**Your goal:**
Copy out the data exactly as it appears, without a single image.

Information supplied section start

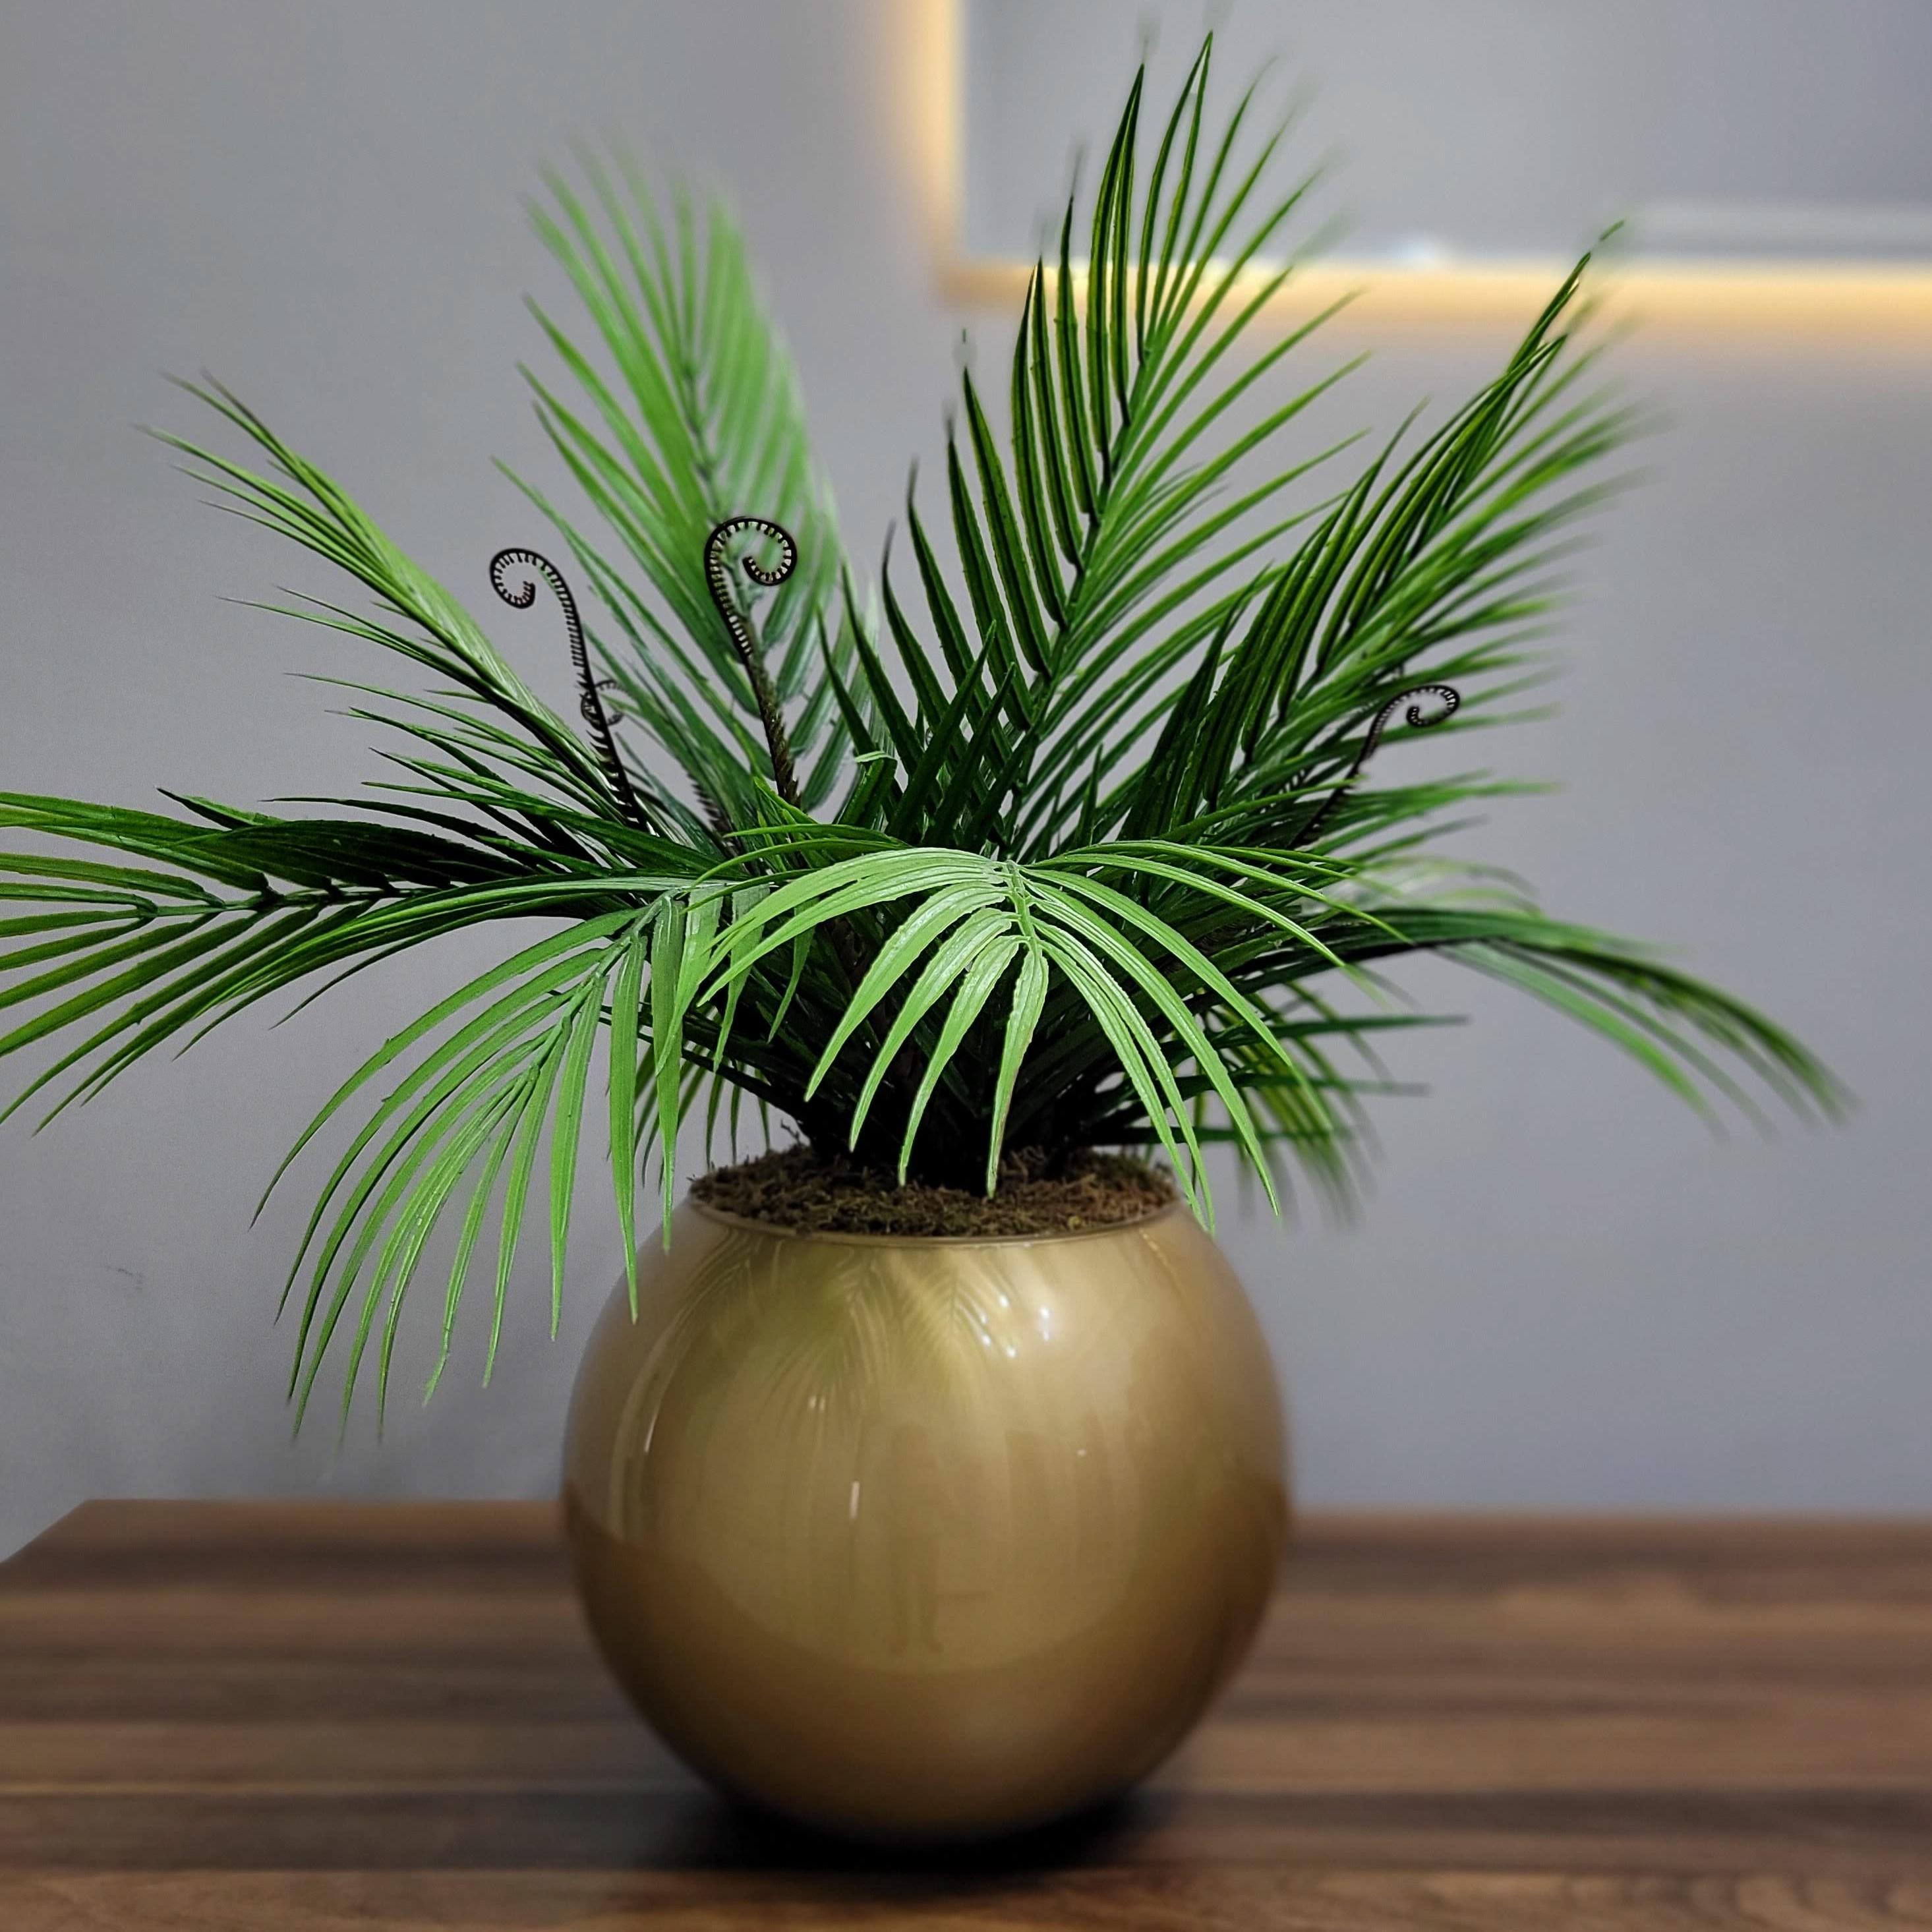 Vazoda Yapay Çiçek Dekorasyon Masaüstü Gold Cam Vazoda Yeşil Palmiye Yaprakları Dekoratif Mimari Tasarım
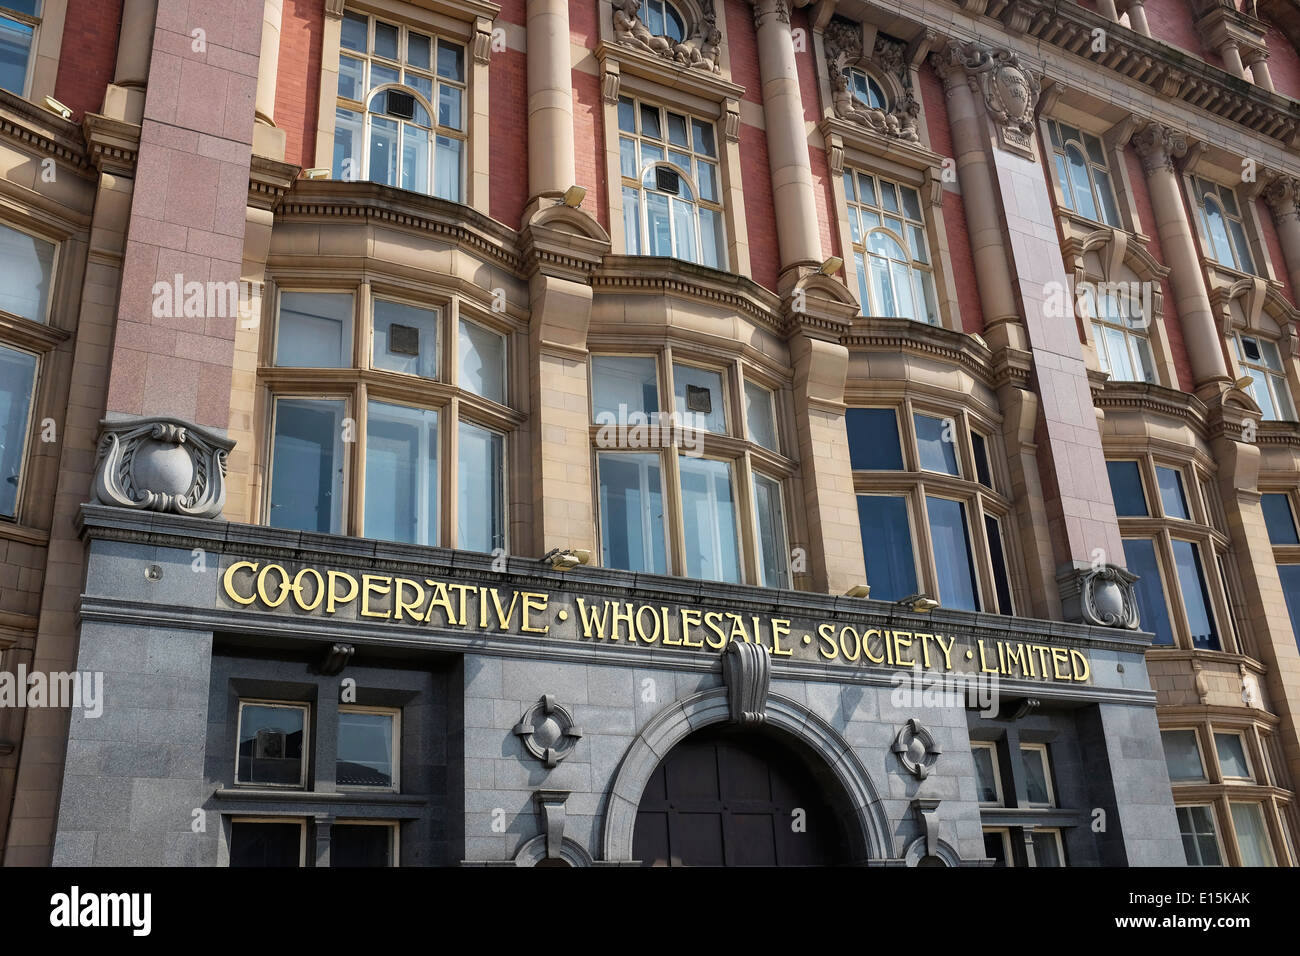 Façade d'une ancienne société Cooperative Wholesale Limited building dans le centre ville de Manchester UK Banque D'Images
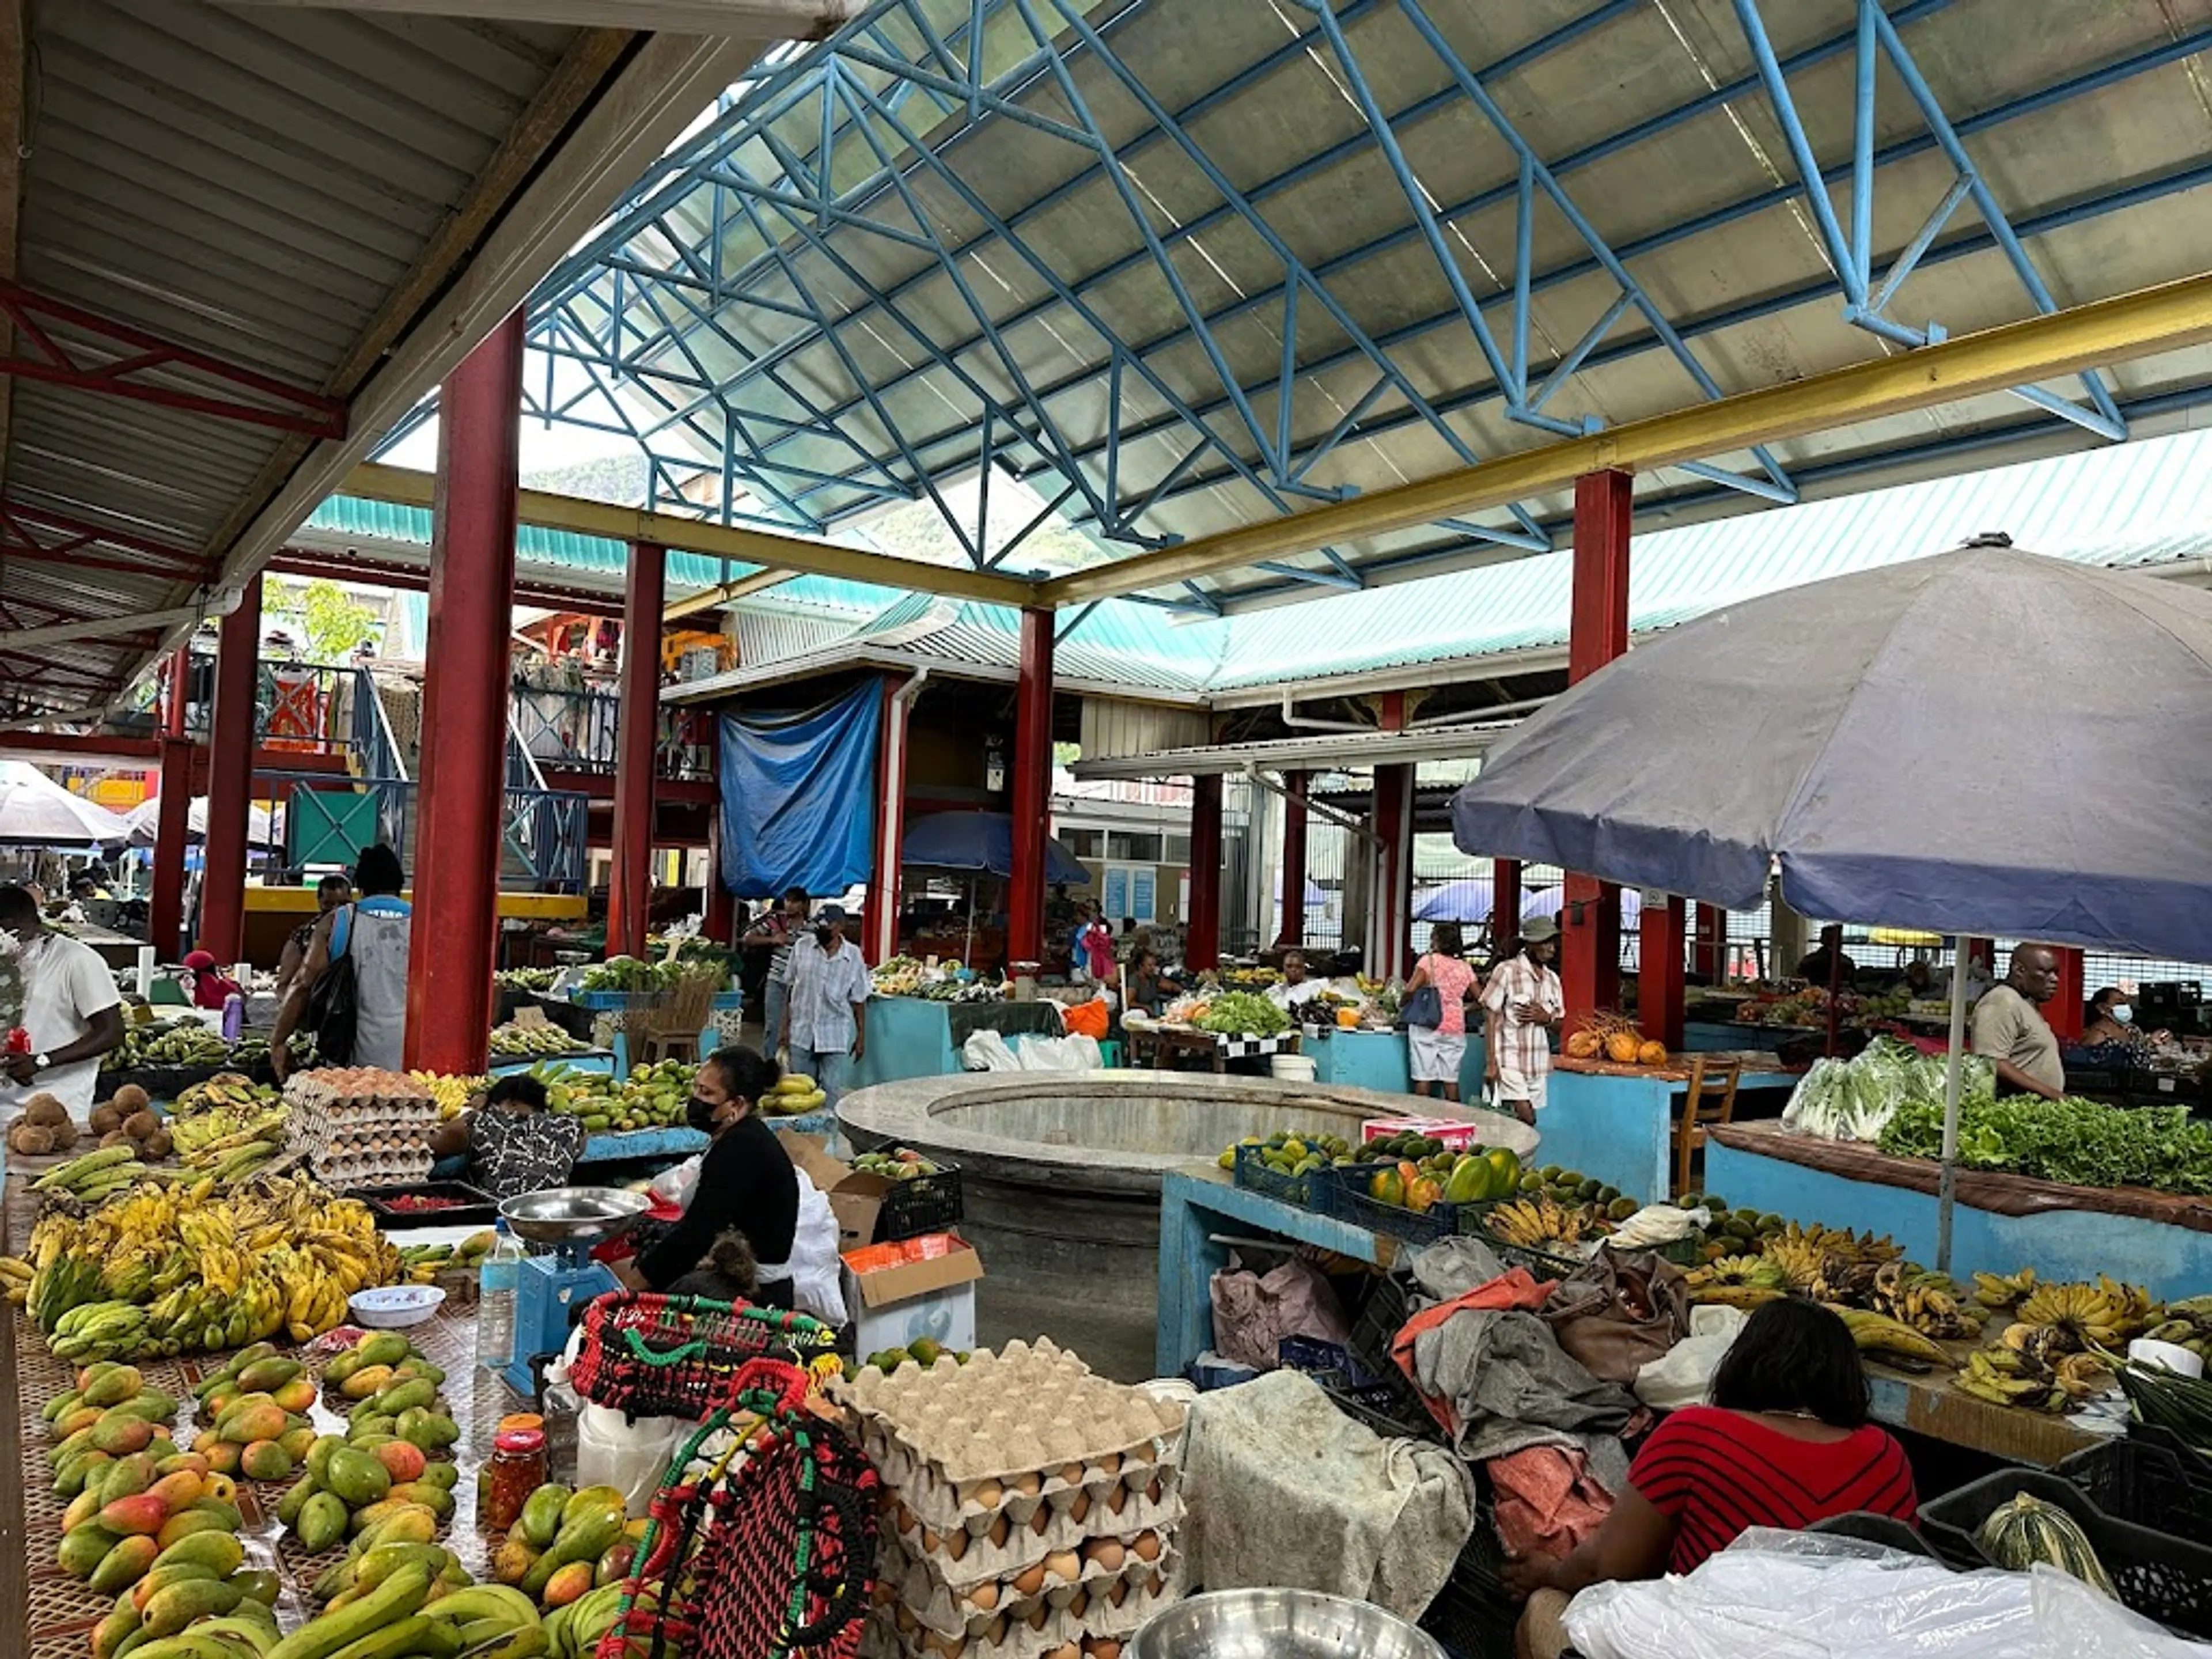 Local Market in Victoria

Information supplied section end

**Reply to the exercise:**
 Vazoda Yapay Çiçek Dekorasyon Masaüstü Gold Cam Vazoda Yeşil Palmiye Yaprakları Dekoratif Mimari Tasarım
 Façade d'une ancienne société Cooperative Wholesale Limited building dans le centre ville de Manchester UK Banque D'Images
 Local Market in Victoria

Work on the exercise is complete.